Arabia Saudita ed Emirati Arabi Uniti si scontrano in Yemen aumentando le tensioni

Aerei sauditi hanno bombardato un carico di materiale militare destinato ai separatisti yemeniti del sud, sostenuti dagli Emirati Arabi Uniti, in un'offensiva lanciata questo mese. Questa azione segna la maggiore escalation tra Riad e Abu Dhabi nel conflitto yemenita radicato. Il governo yemenita sostenuto dai sauditi ha dichiarato lo stato di emergenza e richiesto il ritiro emiratino entro 24 ore.

Le tensioni tra Arabia Saudita ed Emirati Arabi Uniti, alleati nella coalizione contro i ribelli Houthi in Yemen dal 2015, sono aumentate dall'inizio di dicembre a causa del sostegno emiratino al Consiglio Transitorio del Sud (STC). I separatisti meridionali hanno lanciato un'offensiva questo mese nell'est del paese, catturando due province di confine con Oman e Arabia Saudita, inclusi presidi nella provincia petrolifera di Hadramaut.

Venerdì scorso, le forze saudite avevano già condotto attacchi di avvertimento contro posizioni STC a Hadramaut.
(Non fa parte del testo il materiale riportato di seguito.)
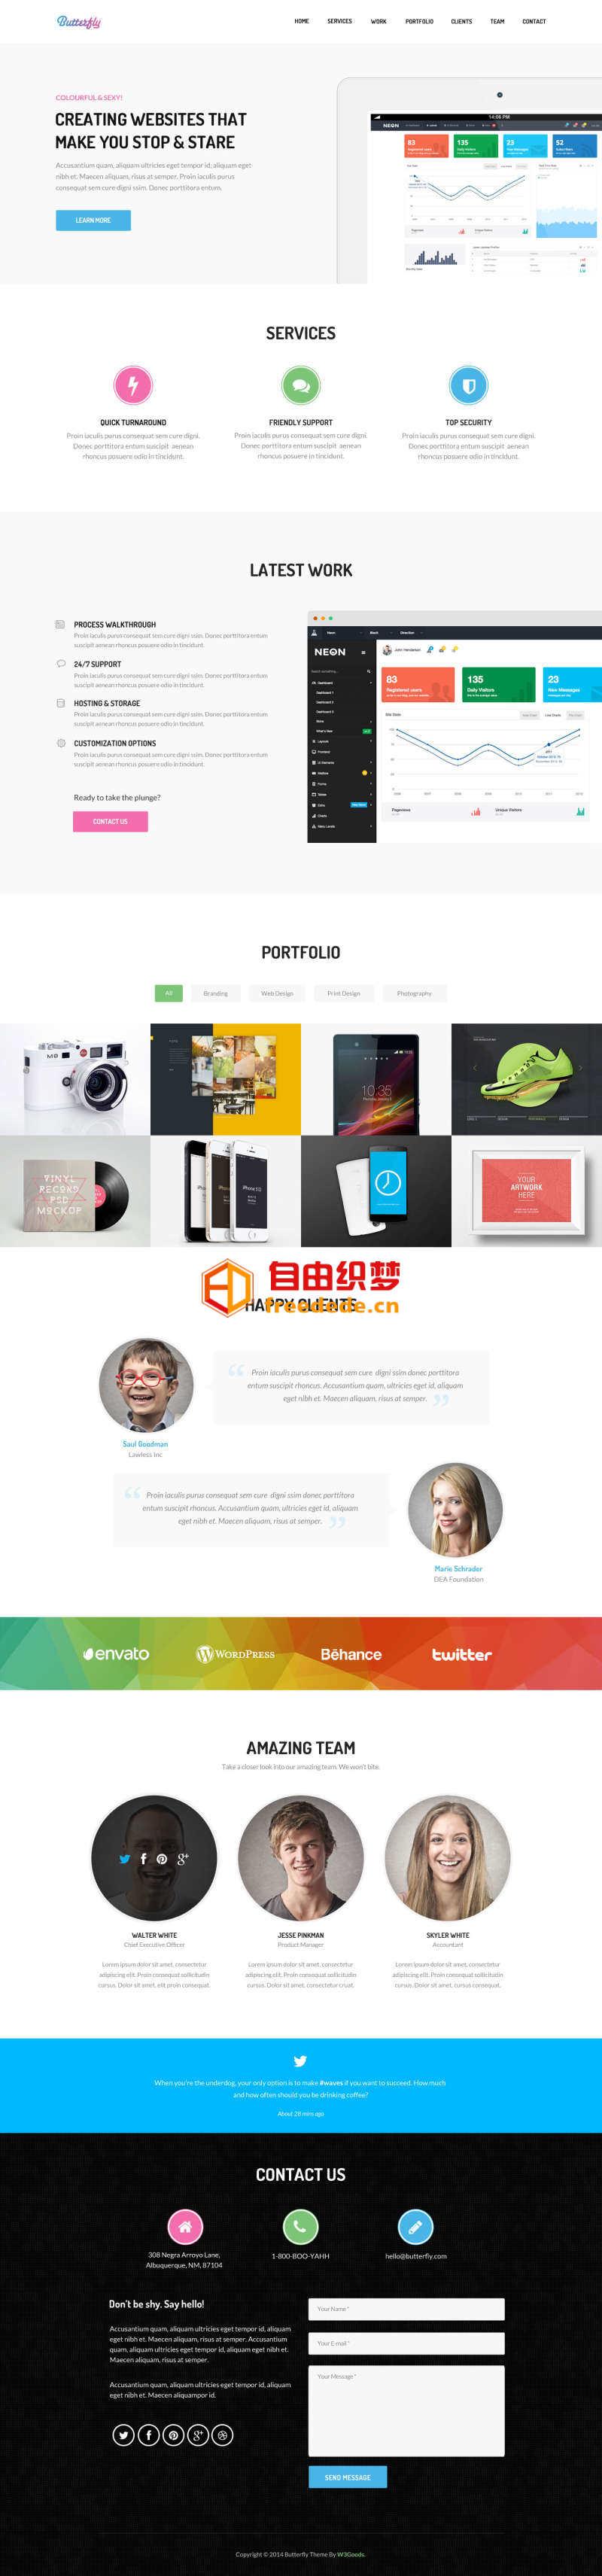 爱上源码网文章html5网络设计公司作品展示单页模板的内容插图

Martedì 30 dicembre 2025, aerei sauditi hanno bombardato un carico di armi e attrezzature militari arrivato al porto di Mukalla, presumibilmente dagli Emirati tramite due navi dal porto di Fujairah. Il governo yemenita riconosciuto internazionalmente, sostenuto da Riad, ha denunciato il carico come non autorizzato e destinato a rifornire lo STC.

In una dichiarazione, il Ministero degli Esteri saudita ha avvertito che le azioni emiratine pongono una «minaccia alla sicurezza nazionale del regno» e «costituiscono una linea rossa», chiedendo ad Abu Dhabi di rispondere alla richiesta yemenita di ritirare le sue forze entro 24 ore e sospendere qualsiasi supporto militare o finanziario. Il governo yemenita ha terminato l'accordo di difesa congiunto con gli Emirati, ordinato a tutto il personale emiratino di ritirarsi entro 24 ore, dichiarato lo stato di emergenza per 90 giorni rinnovabili e imposto un blocco aereo, marittimo e terrestre di 72 ore su porti e confini, esclusi quelli della coalizione.

Gli Emirati hanno respinto le accuse, affermando che il carico, precedentemente coordinato con la coalizione, conteneva veicoli per l'uso delle loro forze e nessuna arma. Il Ministero della Difesa emiratino ha annunciato il ritiro volontario di tutte le sue truppe dallo Yemen «alla luce degli eventi recenti e delle potenziali ripercussioni». I separatisti STC hanno descritto le misure yemenite come «illegali» e avvertito delle loro «conseguenze politiche, legali, di sicurezza ed economiche», esortando un accordo per prevenire un ulteriore collasso in un paese immerso in una guerra civile dal 2014.

Questo episodio evidenzia le divisioni all'interno della coalizione che interviene in Yemen contro gli Houthi sciiti, che hanno destituito il governo sunnita più di un decennio fa. I separatisti mirano a resuscitare lo Stato indipendente dello Yemen del Sud, esistito dal 1967 al 1990.